According to the paper, when car sales fell during the Great Depression, they didn't recover to 1929 levels until 1949, or two full lost decades later. The writer mysteriously forgot to mention that there was a good reason for that. No-one made any cars at all during most of the 1940s because the factories had all been taken over for war production.

In my view, supporting the UK car industry is a no-brainer. It accounts for a substantial chunk of UK manufacturing and exports. Moreover, its skills and technology will be badly needed in the more balanced economy that should emerge from the wreckage of the financial crash.

Whether a scrappage scheme is actually the best way to support the UK car industry as a whole is open to question. Fleets don't run nine-year-old bangers, so they will get none of the upside of the scheme but still have to face the downside effects on residual values when the temporary stimulus comes to an end.

The Government needs to be careful not to damage the fleet side of the industry. In the long run it will need fleet buyers to spearhead take-up of low carbon technologies that are too expensive or too new-fangled to appeal to private motorists.

As of Wednesday, it seemed that neither side would get its way in the banks vs. bangers battle. The Prime Minister told The Independent that the Budget will boost his plan to make the UK a world leader in electric car development - but he made no mention of a scrappage scheme.

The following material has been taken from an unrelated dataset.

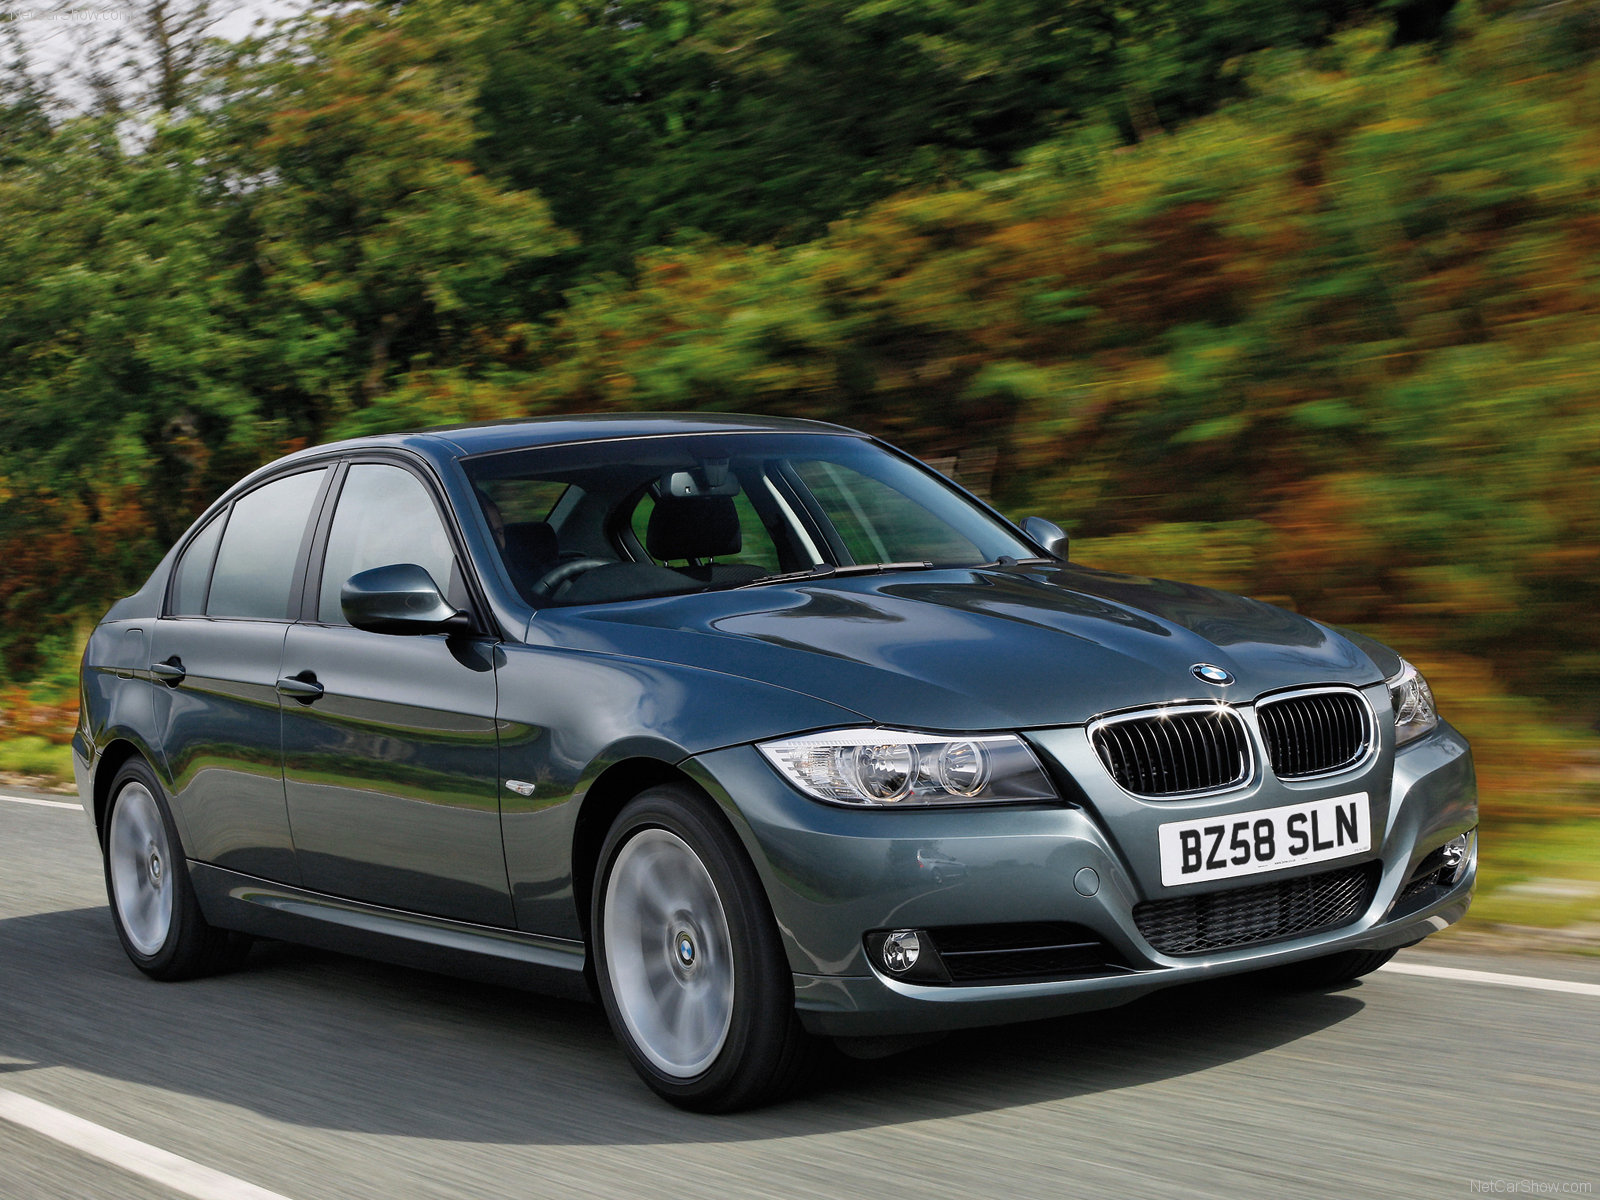 of the 2009 BMW 3 Series

The technology boost claim is a classic piece of political double counting. Most of the "new" initiatives hinted at by the Prime Minister have already been announced. But it does suggest that the Government is sticking to a support strategy it believes is best-suited to the UK car industry as whole. The Government's earlier decision to underwrite £1.3 billion in EU loans to Jaguar and Nissan (with "green" strings attached) was consistent with this approach.

Alistair Darling has probably also taken note of the fact that sales of city car segment cars have risen 80% year-on-year, according to the SMMT, without any help from the taxpayer. As that's the sector that would see the biggest artificial boost from a scrappage scheme, the Chancellor may feel that these green shoots don't need any additional nurturing at this stage.